/crg-turtle

Turtle parser for CRG

Primary LanguageClojure

Turtle

A Turtle loading module for CRG (Clojure RDF Graphs). Meets the grammar for the W3C Proposed Recomendation (09 Jan, 2014).

Specifically aimed at parsing for Clojure. To this end, XSD strings (which includes previously "untyped" literals) are returned as strings, doubles and decimals are returned as doubles and integers are returned as longs. All other datatypes get returned as a Literal record, which contains the lexical form, the datatype, and the language code. As for normal RDF literals, the language code is only available if the datatype is a string (no datatype implies a string).

The parser now always returns keywords rather than IRIs. If an IRI is represented as a QName, then it will be converted to a keyword instead of a IRI. If present as a raw IRI, then it will be scanned for an appropriate prefix, and converted to a QName. QNames are required for predicates anyway, so this protects against the use of IRIs in that position. Clojure applications also work much more conveniently and efficiently with keywords. Keywords can be converted back into IRIs using the prefix-map from the parser.

Note that it is possible for the parser to generate Keywords with a namespace and and empty name. This is legal both as a QName and as a Keyword, though Clojure does not have a literal representation for nameless Keywords.

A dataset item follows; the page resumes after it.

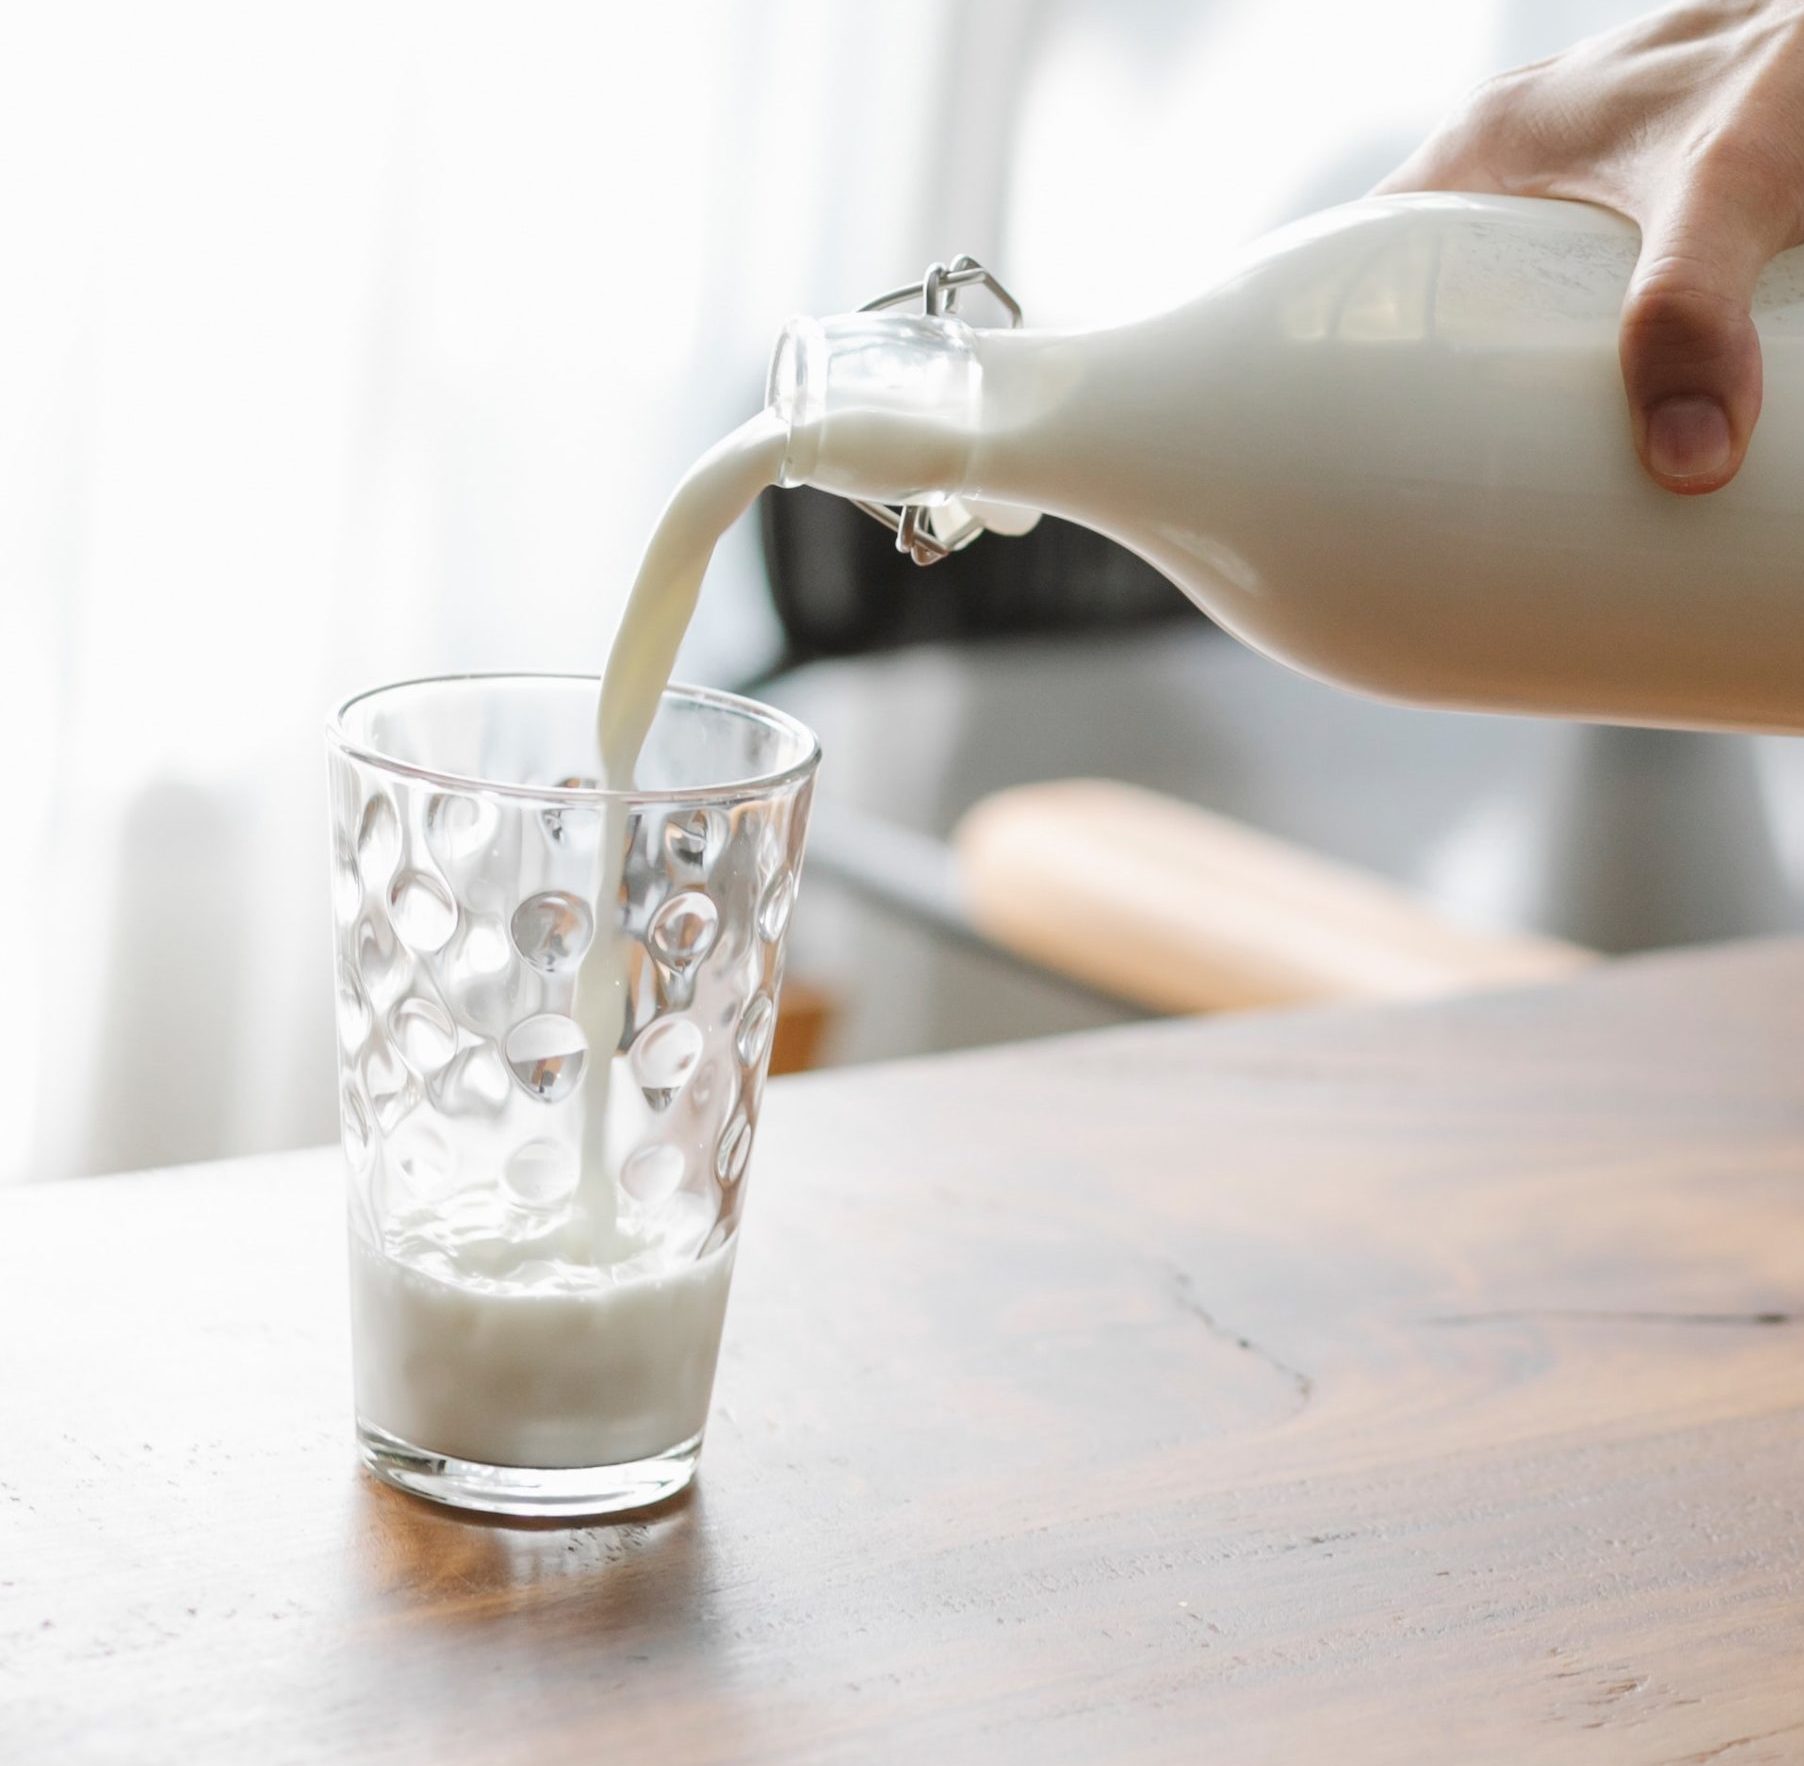 La startup ImaginDairy manufactura productos lácteos sin origen animal que tampoco contienen lactosa, hormonas de crecimiento ni colesterol. Foto: Charlotte May/Pexels.

It is not difficult to have the parser return IRIs when QNames were not specified (this was the original mode of operation for the parser), so if this need arises then IRIs (or URIs) may be included easily. Keywords are used as these have a more efficient representation, are more compatible with Clojure, and because there is no standard implementation of IRI available. Jena includes one, but this involves a lot of validity checking that would slow down parsing. Also, this project is explicitly trying to avoid third-party non-Clojure libraries (Beaver notwithstanding - it's here because it generates the fastest parsers).

Java and Clojure

While this project uses Beaver as the parser generator, the only Java code written for the project is the bare minimum to glue Beaver to the Clojure code that does the work.

Requirements

  • JVM 1.6 or greater
  • Clojure 1.5.1 or greater

These requirements are due to precompilation of the library. It can be compiled and run with earlier versions of Java and Clojure, but the user will need to download the sources and build it themselves.

Installation

Add the following dependency to a leiningen project.clj:

  [org.clojars.quoll/turtle "0.2.2"]

Usage

The parser is in crg.turtle.parser.

Calling crg.turtle.parser/create-parser will return a parser object. An object is necessary here because parsing is done lazily, and the prefixes are accumulated out of band but can be updated at any point during the parsing operation.

To get a seq of triples from the parser, call crg.turtle.parser/get-triples. After the seq is exhausted, the parser can be queried for the prefix map and the URI base with crg.turtle.parser/get-prefix-map and crg.turtle.parser/get-base resepectively.

Examples

(use '[clojure.java.io :only [input-stream]])
(use '[crg.turtle.parser])

(with-open [f (input-stream "simple.ttl")]
  (let [parser (create-parser f)]
   (doseq [triple (get-triples parser)]
    (println triple))))

Building

This project interleaves Clojure and Java compilation steps. To make this happen correctly, lein has to to compile using two different profiles. Once that has been done, the jar can be built:

  lein with-profile precomp compile
  lein uberjar

Bugs

Probably lots.

TODO

  • Provide an option to parse to URI instead of always keywords.
  • Rework to use core.async. This will invert to be more like the original Java code, which is still much faster.

Acknowledgements

Special thanks to Daniel Spiewak for advice on parsing (especially the trick of terminating JFlex early to convince Beaver to stream a result).

License

Copyright © 2013 Paul Gearon

Distributed under the Eclipse Public License, the same as Clojure.